Голицын скосоротился, брызнул слюной по-стариковски, хрустнули костяшки сухоньких пальцев.
— Что вы его в умники-то произвели? — закричал. — Мелюзга он, ваш Антиошка, как есть мелюзга!.. От Феофана да аббатов папежских — много ль ума наберешься? Русь за эти пять лет прошла путь ужасный, она стоном стонет, бедная… А что он знает-то, чужак инородный?
В книжках про то не пишут! И не умиляться надобно самодержством, а ломать его, чтобы трещало все кругом… Сатиры, Лукич, сколь веков уже пишутся, а мир от них лучше не стал. Не глаголы пустозвонкие, а — дело! Дело надобно…
Императрица, казалось, ни во что не мешалась, враги умолкли, только Феофан еще «трубил» по церквам, да вовсю завивался колечками дым над стрешневским домом: это Остерман топил печки, грел кости, сушил свою подагру. Черкасский уже извлек проект Татищева, собирал вокруг мнения самодержавного подписи. Но Голицын как притянул к себе Матюшкина, так и не отпускал от себя более. Вырастал проект примирительный, теперь заставляли под ним подписываться. «Россия — мать еси наша, — убеждал Голицын противников своих, — а родную мать сыновья меж собой не делят!» И подписи собирали жестоко: чуть ли не силком тащили каждого. Даже кавалергардов, уж на что лихи были, и тех заставили подписать. Канцлера Головкина брала оторопь: два его сына подмахнули проект у Черкасского, а ему… что делать? Подписал оба проекта сразу: и вашим и нашим! Так и другие поступали: сбегает к Черкасскому — за самодержавие подпишется, потом бежит к Голицыну — пишется в противниках самодержавия. И начались свары — хоть святых выноси. В семьях, доныне дружных, пошли раздоры — сын противу отца, отец против сына, дрались братья кровные. И всяк вельможа старался челом Анне бить, чтобы вымолить себе прощение на будущее, коли самодержавие вновь воспрянет…
Исподтишка следили за этой сварой иноземцы.
— Мы наблюдаем сейчас, — заметил барон Корф, — удивительный пример азиатского рабства. Народ, в котором дворянство ведет себя столь низко: отец-дворянин пишет донос на дворянина-сына, — таким народом очень легко управлять…
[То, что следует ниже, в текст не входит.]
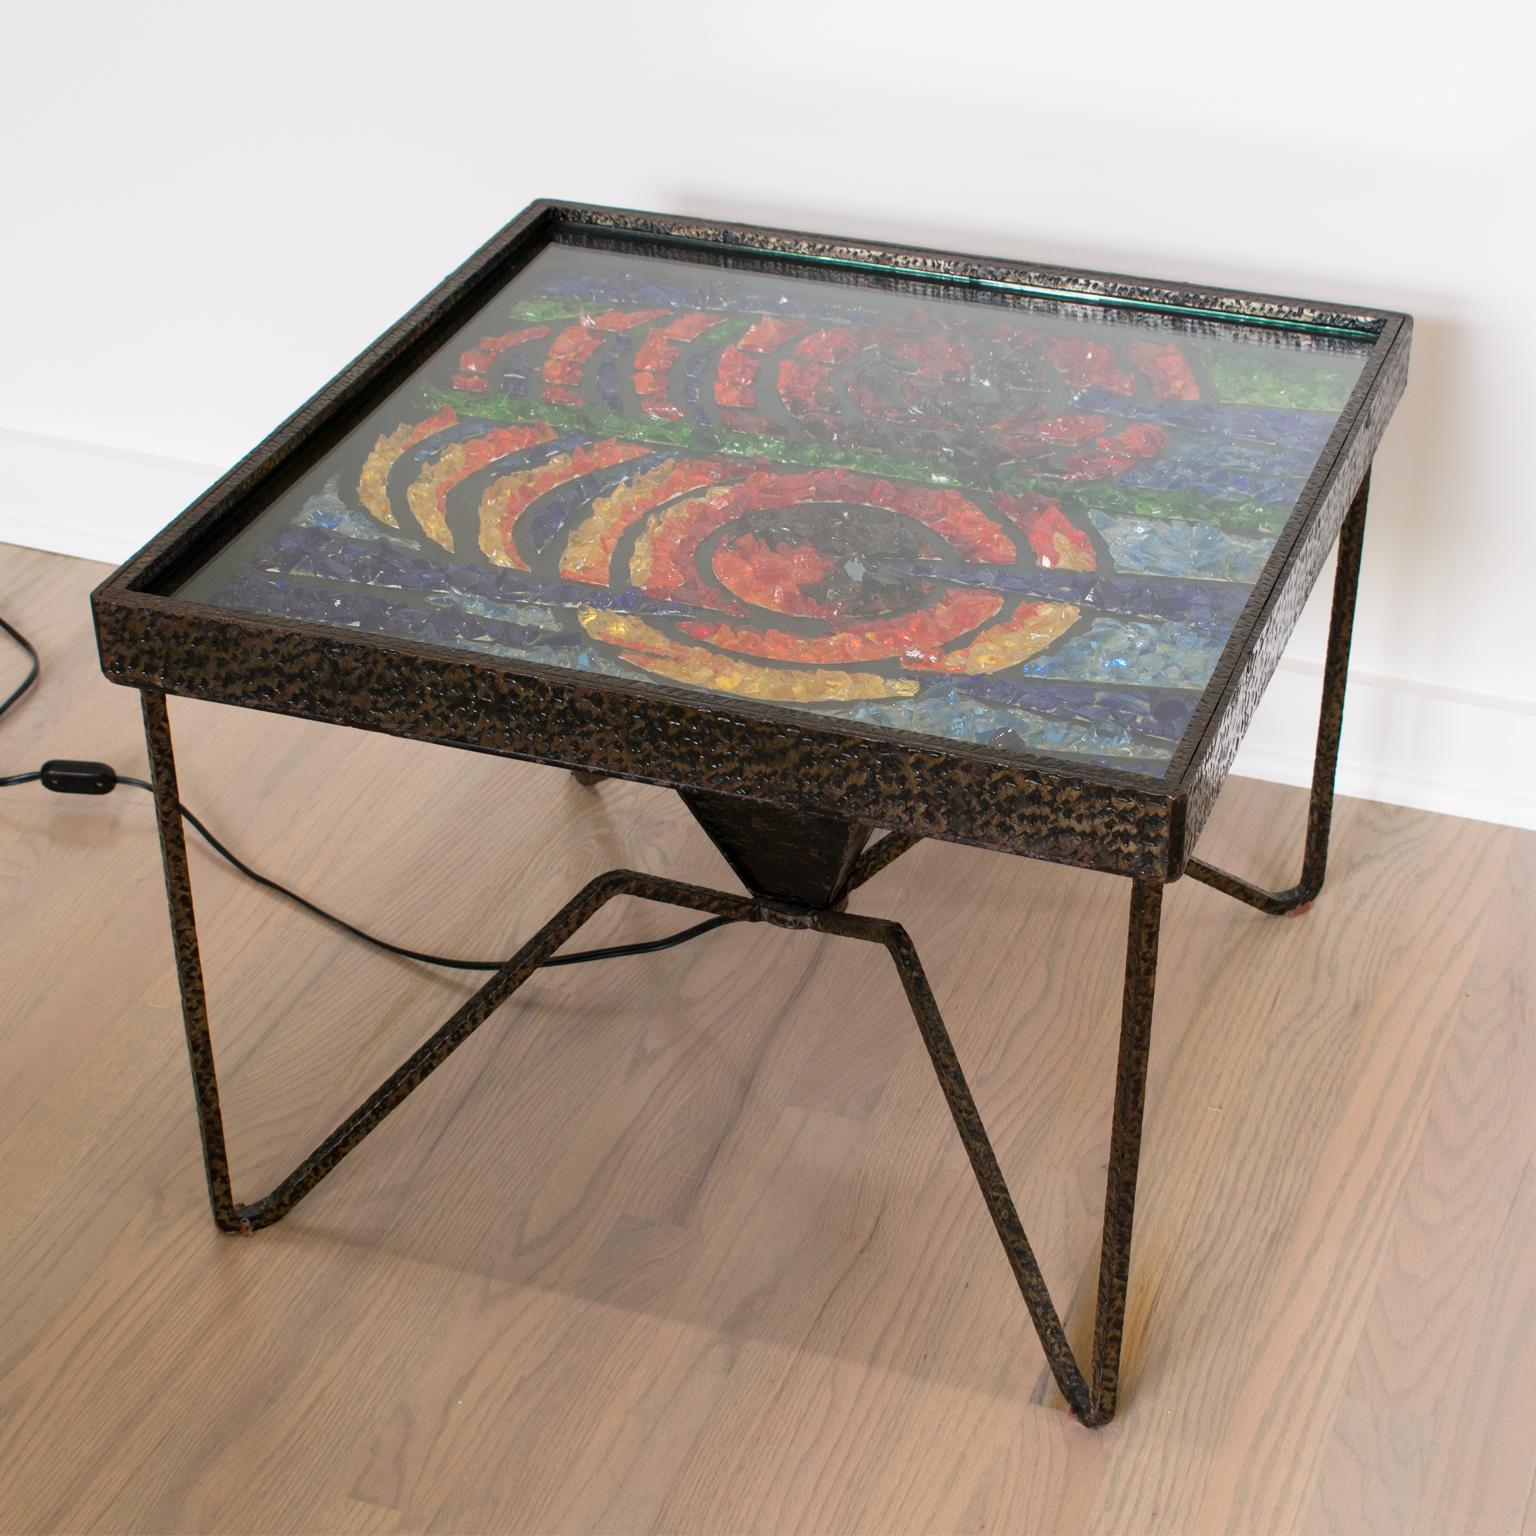 Here is an elegantly crafted one-of-a-kind 1960s coffee or side table. This cocktail table features an eye-catching geometric mosaic top with glass chunks encased in a textured wrought iron table base with spider-shaped legs. A glass tabletop

— Нам, — закрепил его речь Левенвольде, — немцам! Корф повернулся к Кейзерлингу:
— А ты, патриот маленькой Курляндии, что скажешь? Кейзерлинг сунул руки в муфту, погрел их в пышных мехах.
— Мне смешно! — отвечал. — До чего же были тупы наши пращуры, идя на Русь с мечом и крестом. Позор поражения немцев при Грюнвальде от поляков и на льду озера Чудского от русских — этот позор еще сожигает наши сердца. Но вот же… К чему мечи? Кажется, маленькая Курляндия скоро слопает необъятную Россию. Так разевайте же рты пошире — вы, потомки крестоносцев и меченосцев!
* * *
Василий Лукич облинял, обмяк, постарел. Чуял беду.
— Смута растет, — говорил в Совете, — и не нам унять баламутов. Фельдмаршалы, слово за вами: будем вас слушать!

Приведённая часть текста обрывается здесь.